Reproduce the entries below exactly, but only from the line containing "Religion is run" to the line containing "Horse and carriage", inclusive.

Extracted material:
+ + +
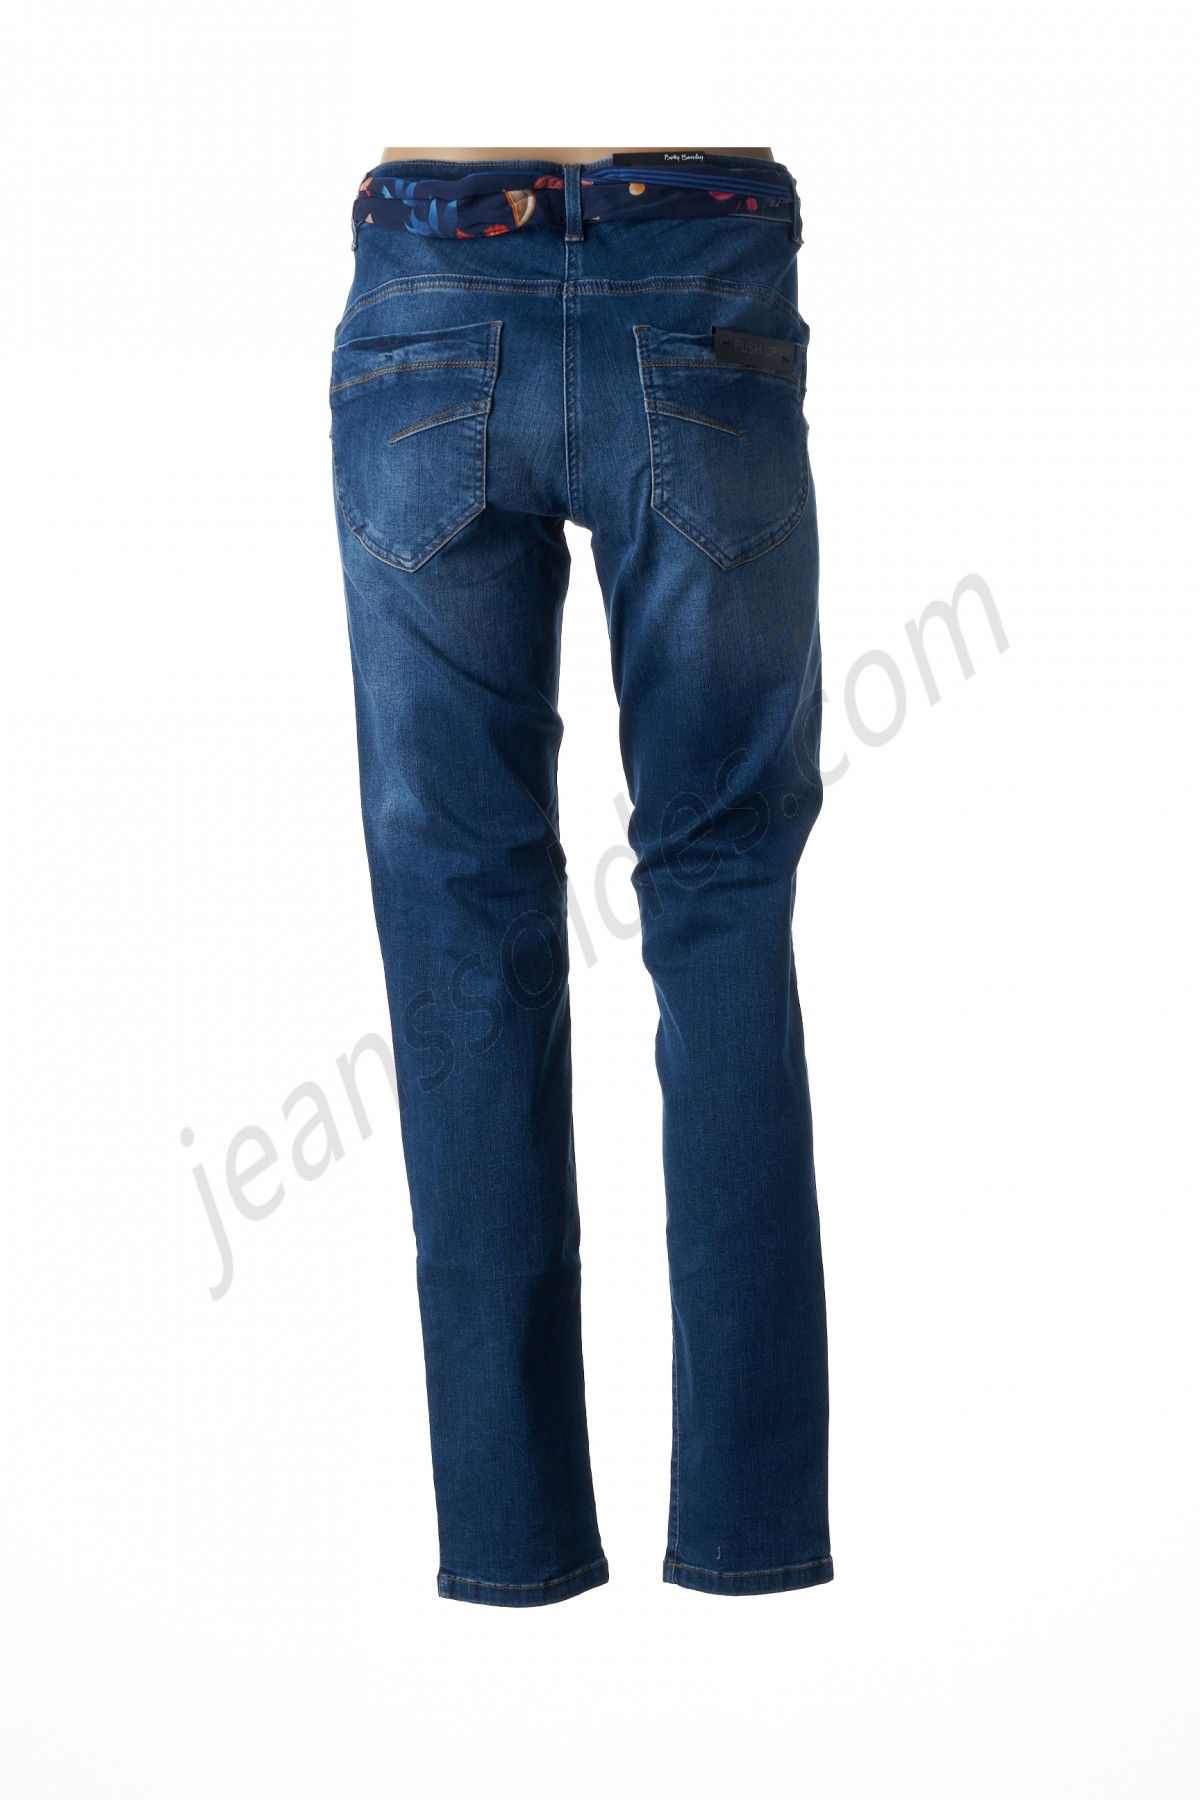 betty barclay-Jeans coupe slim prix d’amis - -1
+ + +
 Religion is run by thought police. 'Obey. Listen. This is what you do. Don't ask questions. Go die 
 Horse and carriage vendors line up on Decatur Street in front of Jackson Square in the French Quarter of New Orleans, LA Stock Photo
+ + +
Output for this exercise:
 Religion is run by thought police. 'Obey. Listen. This is what you do. Don't ask questions. Go die 
 Horse and carriage vendors line up on Decatur Street in front of Jackson Square in the French Quarter of New Orleans, LA Stock Photo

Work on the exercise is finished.